Like an object but want to change it? Install it, modify it, publish your version.
Every version of every object is preserved. See what changed, compare versions side by side.
bjorgxr is early. Here's what's coming.
Put on a headset and stand inside your system. Walk up to an object and talk to it. The same objects work on a laptop, on your phone, and in virtual reality.
Connect bjorgxr instances across the internet, local networks, or radio. Objects on different machines talk to each other as if they are running on the same CPU.
Spread objects across servers. The system decides which objects should be close together for fast communication. Endlessly scalable.
Talk directly to any object, and have them answer you both in text and optionally with voice. You can tell them to modify themselves, to talk to another object, to set up a later event where they should do something, and more.
Collaborate on a 2D screen like in Figma, or walk inside a shared virtual world and see and talk to and collaborate with as many people as you like. Every person is also an object in the application.
Camera modules capture body movement and give every person a live 3D avatar. Walk into a room and you have a body.
The editor, runtime, and CLI are working. The system is in active development.
Europe needs its own digital infrastructure. Not reliant on foreign powers.
Today, European businesses, governments, and citizens depend on American infrastructure for everything — office software, cloud computing, AI, communication. Their data crosses the Atlantic. Their compute runs under foreign law. Their AI models are trained on their data, outside their jurisdiction.
The EU is building an alternative. Euro-Office is replacing Microsoft. Sovereign cloud alliances are replacing AWS and Azure. The European Commission's Web 4.0 and Virtual Worlds strategy is charting a path toward open, secure, trustworthy digital spaces built on European values.
bjorgxr is part of that movement. A platform-as-a-service, a programming language, an editor, a virtual world, and a communication system — all in one. Encrypted. Hosted in the EU. No foreign access to your data. No dependency on non-European LLMs. Security first. Trust first. A stronger, sovereign Europe.

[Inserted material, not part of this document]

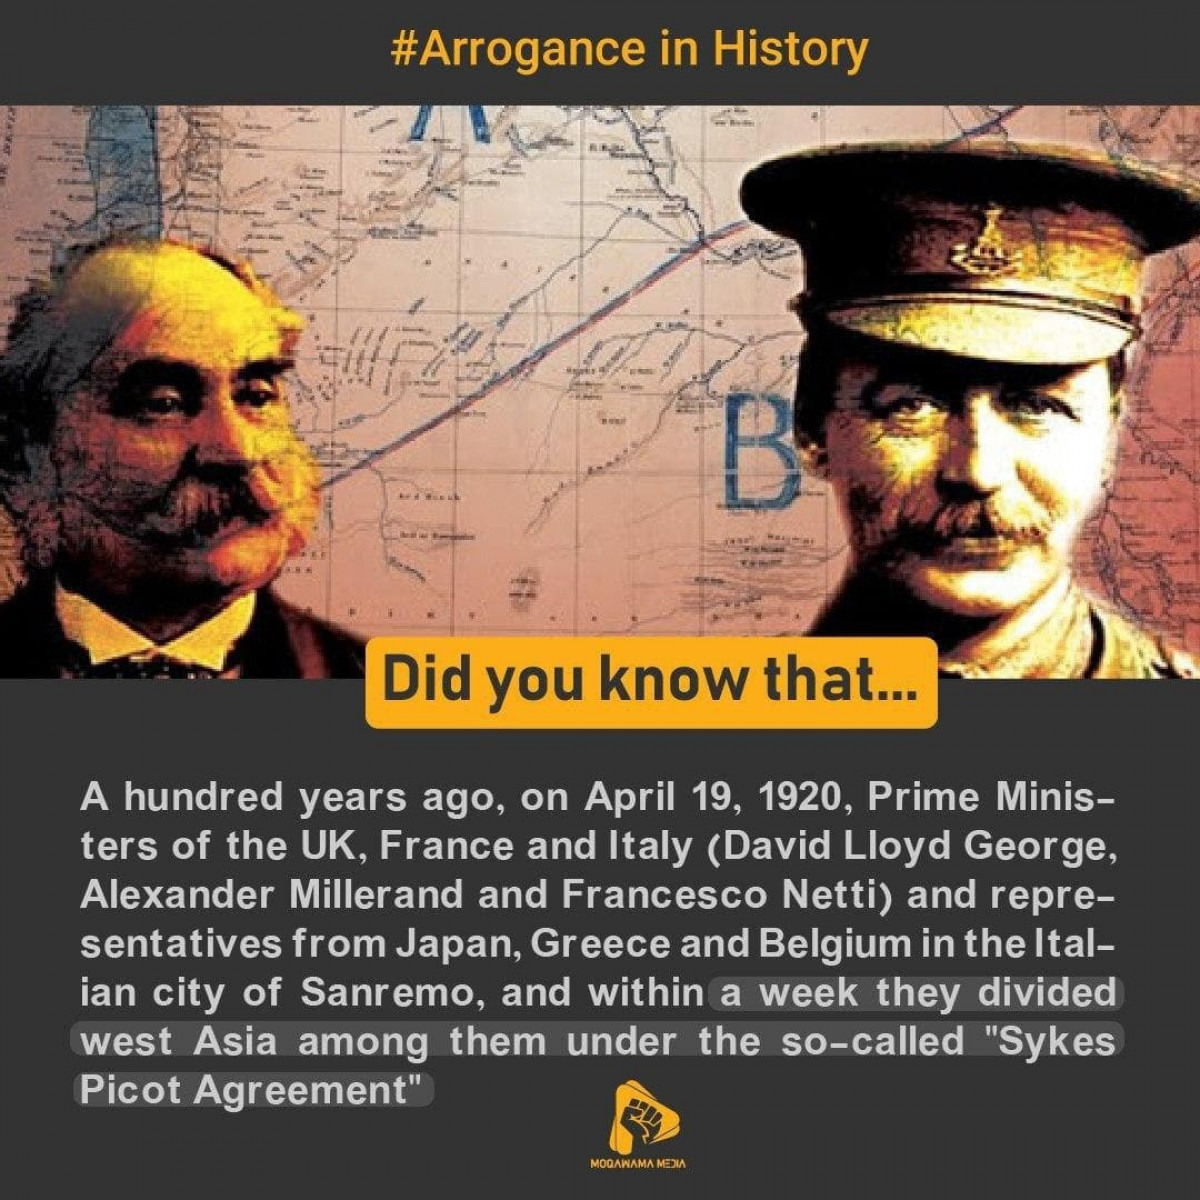 called Sykes Picot Agreement

Bjorg comes from Bjørgvin, the old Norse name for Bergen, Norway. The word bjørg means protection, help, rescue in Scandinavian languages.
That is what we are trying to do — protection. For our data, our infrastructure, and Europe's digital autonomy. Safe from foreign interference.
The smallest unit in bjorg is called a Ting — Norwegian for “thing.” Everything you create, inspect, and interact with is a Ting.
The name is inspired by Self, the language that together with Smalltalk, prototyped OOP in a live system. Self called its objects for morphs, from the Greek morphē — “thing.” We did the same, as a tribute.
You create a world. You fill it with Tings. They start running.
A world is just an HTML file. It contains objects. Run the server and your world is live.
Open the editor in your browser. Create objects by cloning existing ones or writing new ones. Give them props, methods, and a visual form.
Objects send messages to each other. One object reacts to another. Every object is AI-powered and can think for itself. Chain enough of them together and you have an application, a game, a simulation, a business, an intelligent system.
Your world runs on any server. Host it in the EU. Share it with others. Connect it to other worlds. Everything stays under your control.